Rust Proc Macros: A Beginner's Journey
Who am I and what is this post about
Recently I started working professionally with Rust and it wasn't long before I stumbled upon proc macros. I had to make some changes to a relatively complex (for me) macro which generates traits and implementations for them. Reading about macros (and especially proc macros) in Rust created some associations with C++ metaprogramming which is not exactly my cup of tea. As a result I was determined not to enjoy the task. However it turned out that proc macros aren't that bad. They are very different from the regular Rust one sees every day but they are not black magic.

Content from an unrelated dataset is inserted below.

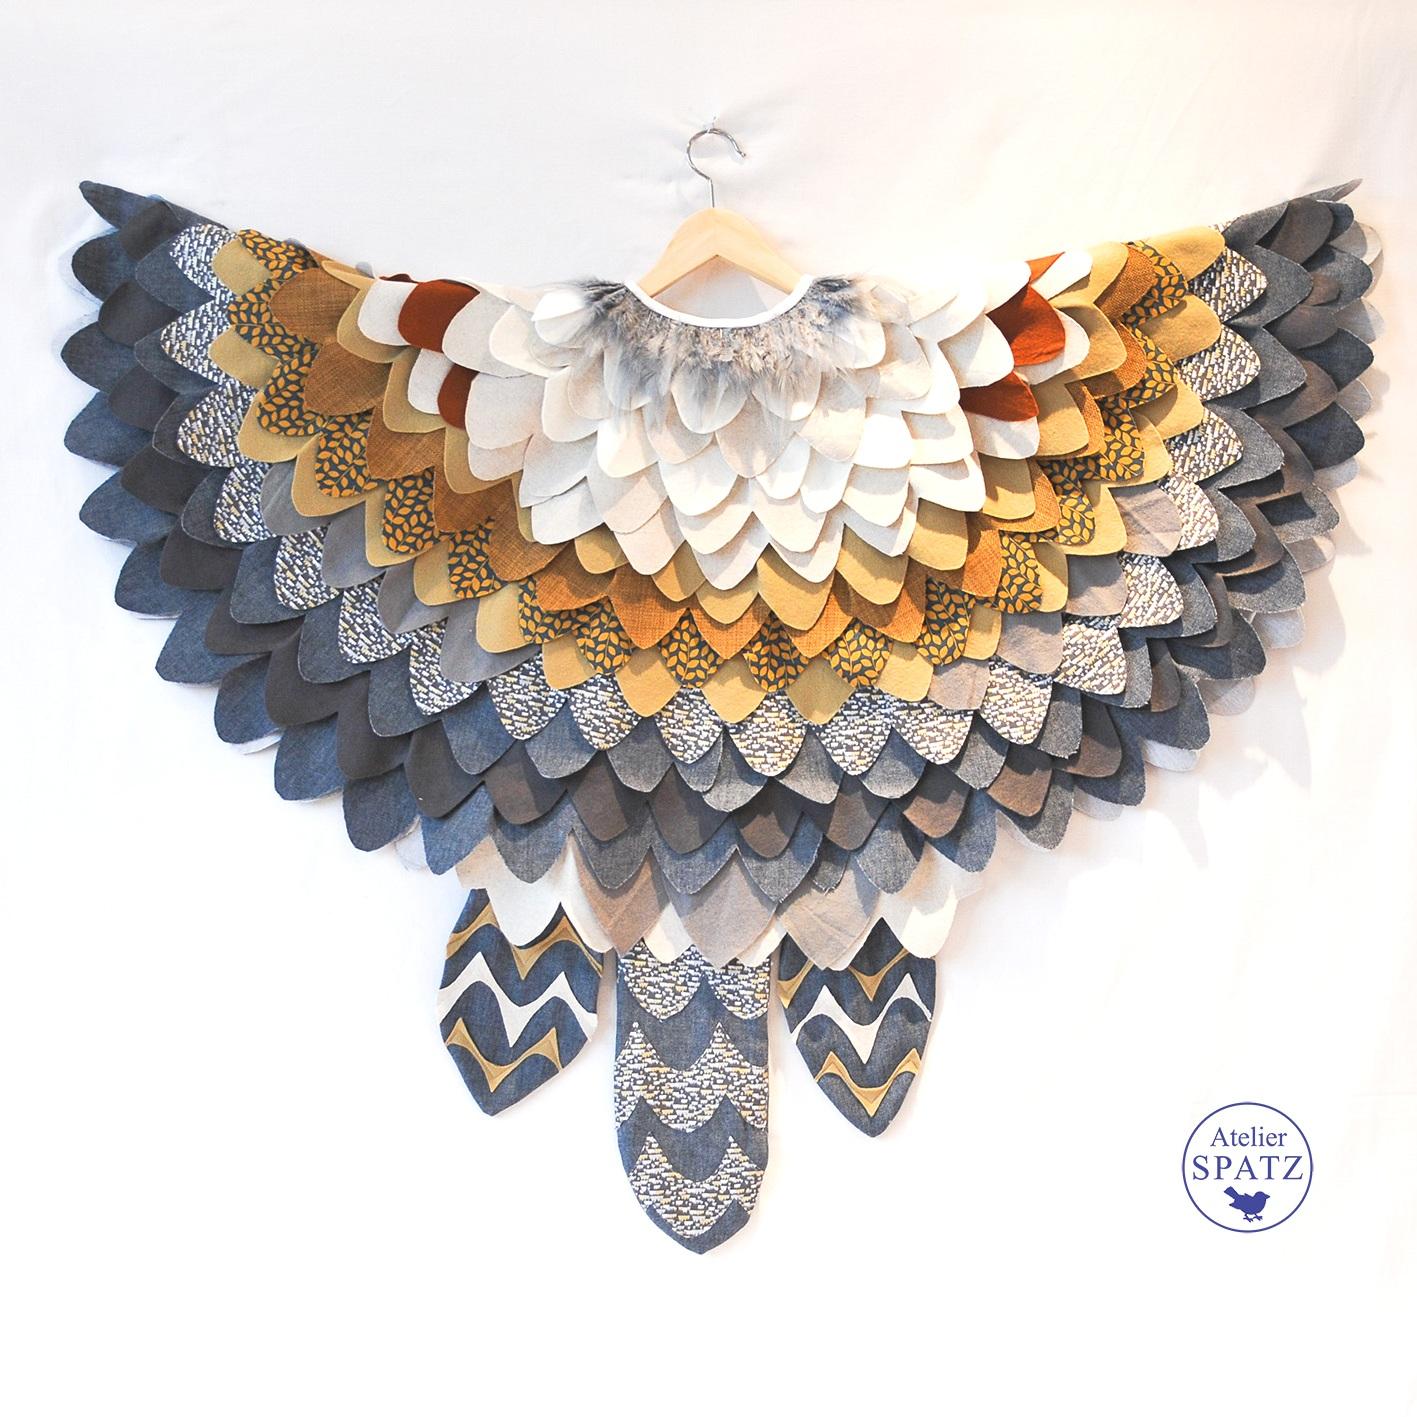 Atelier Spatz Winter Owl.jpg

And you can do useful stuff with them.
So why this post? There are a lot of resources for learning proc macros out there. I've read some of them but despite that there were things which just didn't click for me in the beginning. I needed something more to reach the 'now this makes sense' moment. So after gaining some knowledge I decided to write this post and share my experience. And more specifically - the things I didn't initially understand.
Should you read it? The short answer is NO :). If you aren't a complete proc macro newbie - there is nothing for you here. I'll be very grateful if you want to read it and share your feedback/advise. But don't be disappointed if you expect to learn something new and you only see obvious stuff. If you are just starting to learn proc macros this post might help. But people are different - hard things for me are maybe easy for you and the other way around.
Learning about proc macros
There are a lot of good sources for learning about Rust's proc-macros. I can recommend two freely available ones:
- The Rust Programming Language - the official Rust book which is freely available online. Ch. 19 is dedicated to macros. Contains a detailed walk-through on how to write a derive macro. Explains syn and quote a little.
- The Rust Reference - explains the different types of macros and has got code samples for each of them. I find this very useful as general reference.
I've also found this post on LogRocket's blog very helpful.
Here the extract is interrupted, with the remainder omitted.